The Days Sales in Receivables Index (DSRI) is a financial ratio that compares the proportion of receivables to sales in the current year to the same proportion in the previous year.

The formula for calculating DSRI is shown below:

Days Sales in Receivables Index (DSRI) = (Net Receivablest / Salest) / Net Receivablest-1 / Salest-1)

A DSRI greater than 1 suggests that the company's receivables are growing faster than its sales, which could indicate aggressive accounting tactics, such as recognizing revenue prematurely, or a deterioration in the company's economic conditions. It may also be a sign that the company is offering more generous credit terms to customers to boost sales.

On the other hand, a DSRI below 1 implies that the company's receivables are decreasing relative to its sales. While this may seem positive, it could also be a warning sign, indicating that the company is resorting to desperate measures to increase sales, such as extending credit to customers with poor credit histories or engaging in "channel stuffing."

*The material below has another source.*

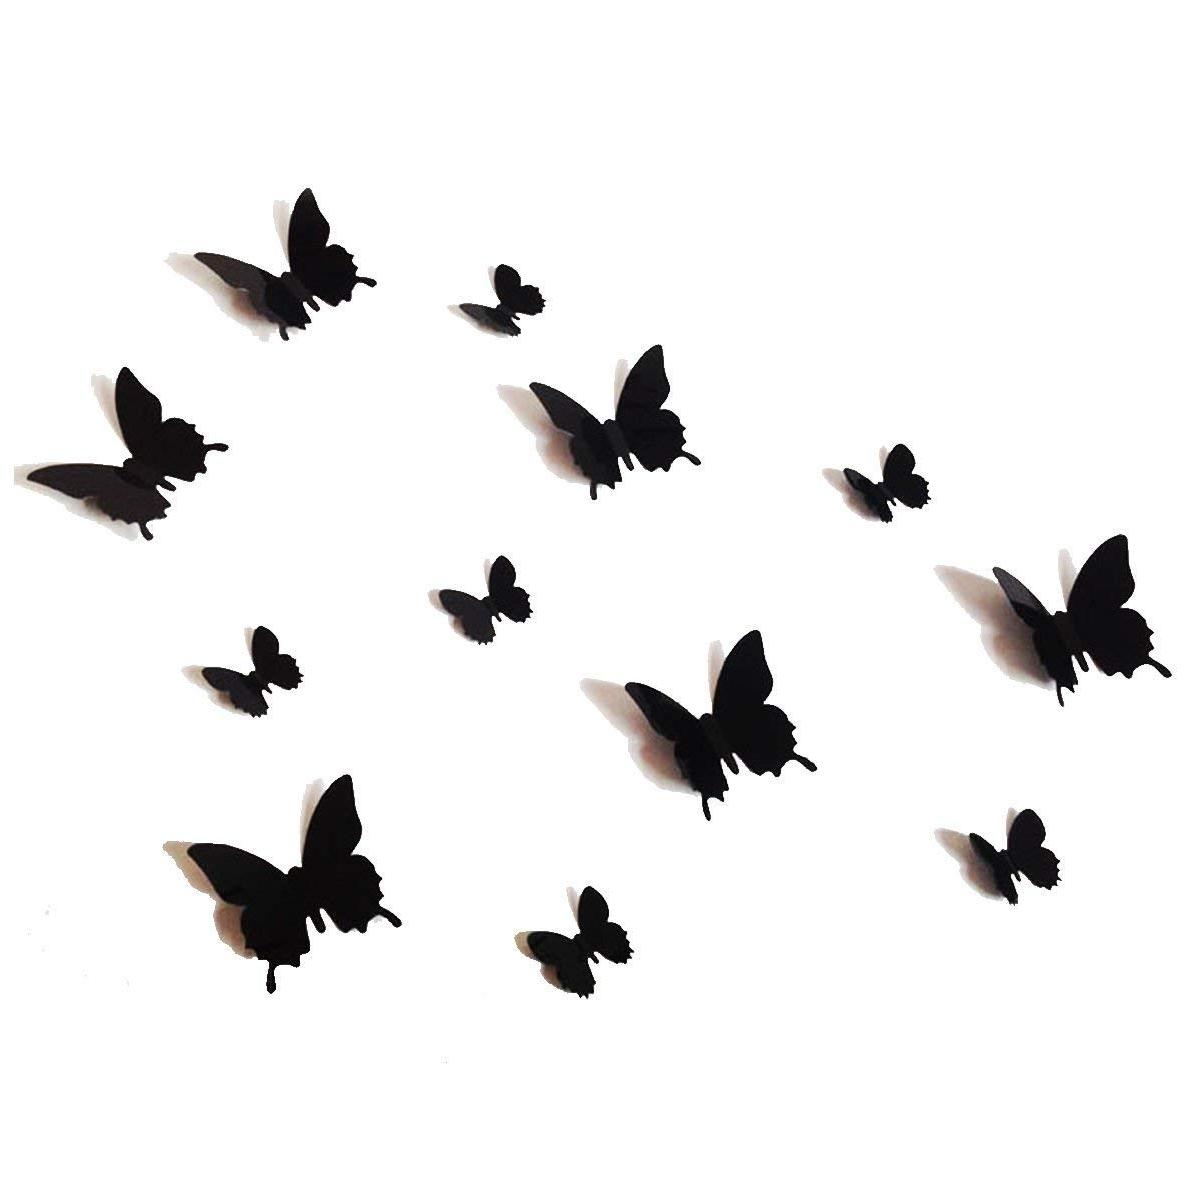 Butterfly Wall Art Regarding Well Known 12Pcs 3D Black Butterfly Wall Stickers Art Decal Pvc Butterflies (View 11 of 15)

When evaluating a company's DSRI, it's also important to be aware that certain practices, such as factoring or securitizing receivables, can distort the ratio's usefulness. In these cases, it may be necessary to adjust the data to account for these practices and gain a more accurate understanding of the company's financial situation.

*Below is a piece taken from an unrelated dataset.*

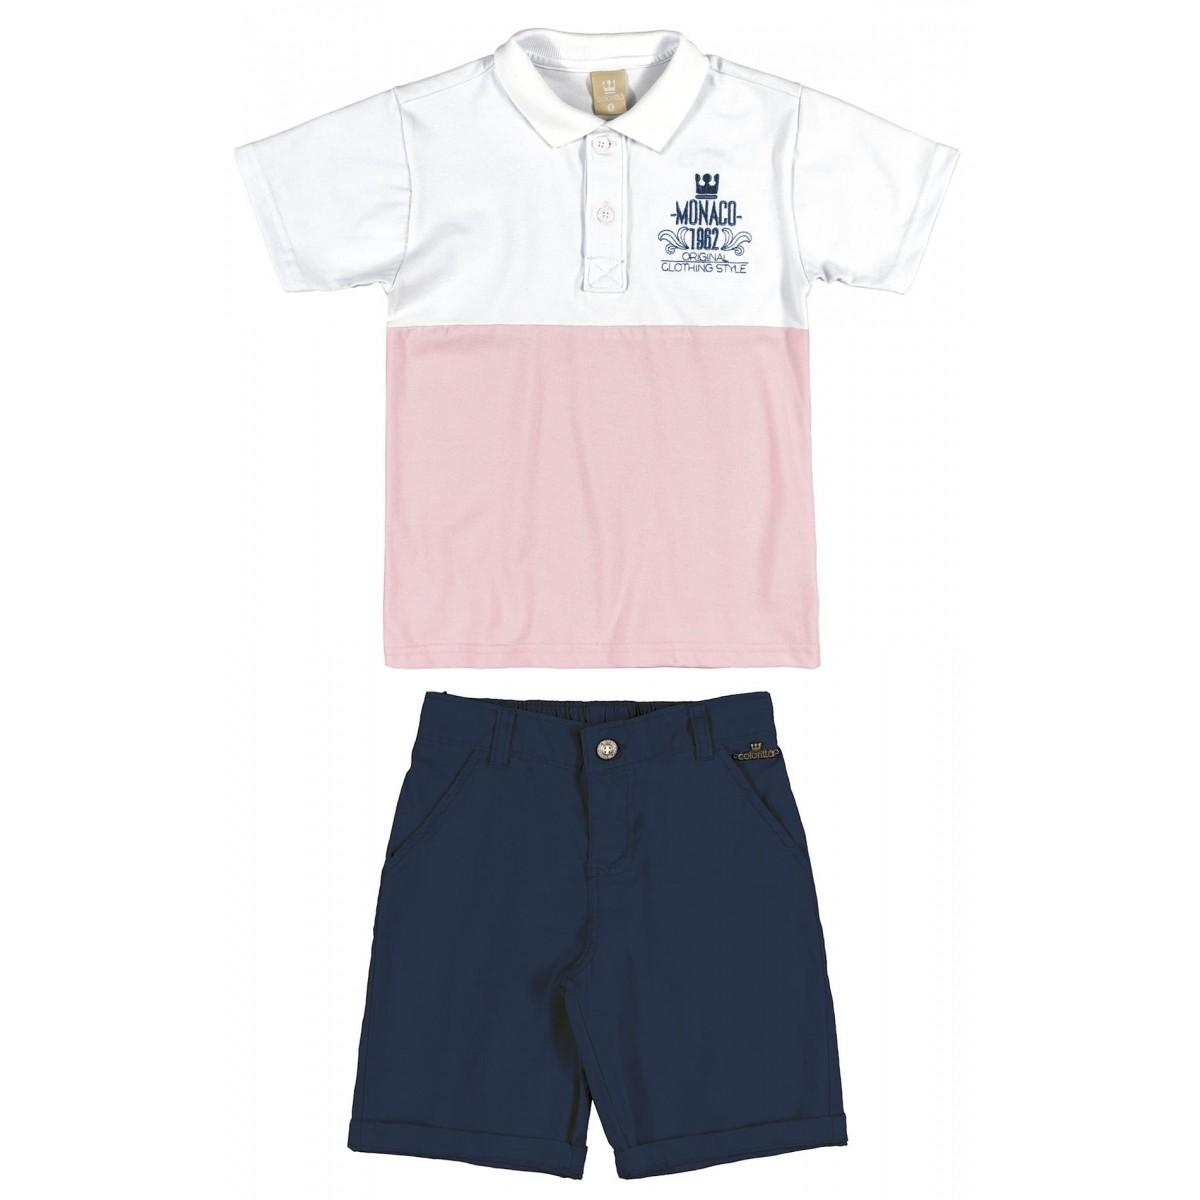 16967c7edc Conjunto Infantil Masculino Rosa Monaco Colorittá

Variable #2: Gross Margin Index (GMI)

The Gross Margin Index (GMI) is a financial ratio that compares a company's gross margin in the current year to the gross margin in the previous year.

The formula for calculating GMI is shown below:

Gross Margin Index (GMI) = ((Salest-1 - COGSt-1) / Salest-1) / ((Salest - COGSt) / Salest)

A GMI greater than 1 indicates that the company's gross margins have decreased compared to the previous year, which could be a warning sign, suggesting that the company is facing challenges in maintaining its profitability. This deterioration in gross margin may be due to the company struggling to control its costs or maintain its pricing power in the market.

On the other hand, a GMI significantly lower than 1 implies that the company's gross margins are increasing dramatically. While this may seem positive at first glance, it can also be a cause for concern, as it may indicate that the company is engaging in manipulative practices to inflate its financial performance.

Companies with declining or rapidly increasing gross margins may be more likely to engage in earnings manipulation to make their financial performance appear better than it actually is. Therefore, the GMI is included in the Beneish model to help identify potential red flags in a company's financial statements.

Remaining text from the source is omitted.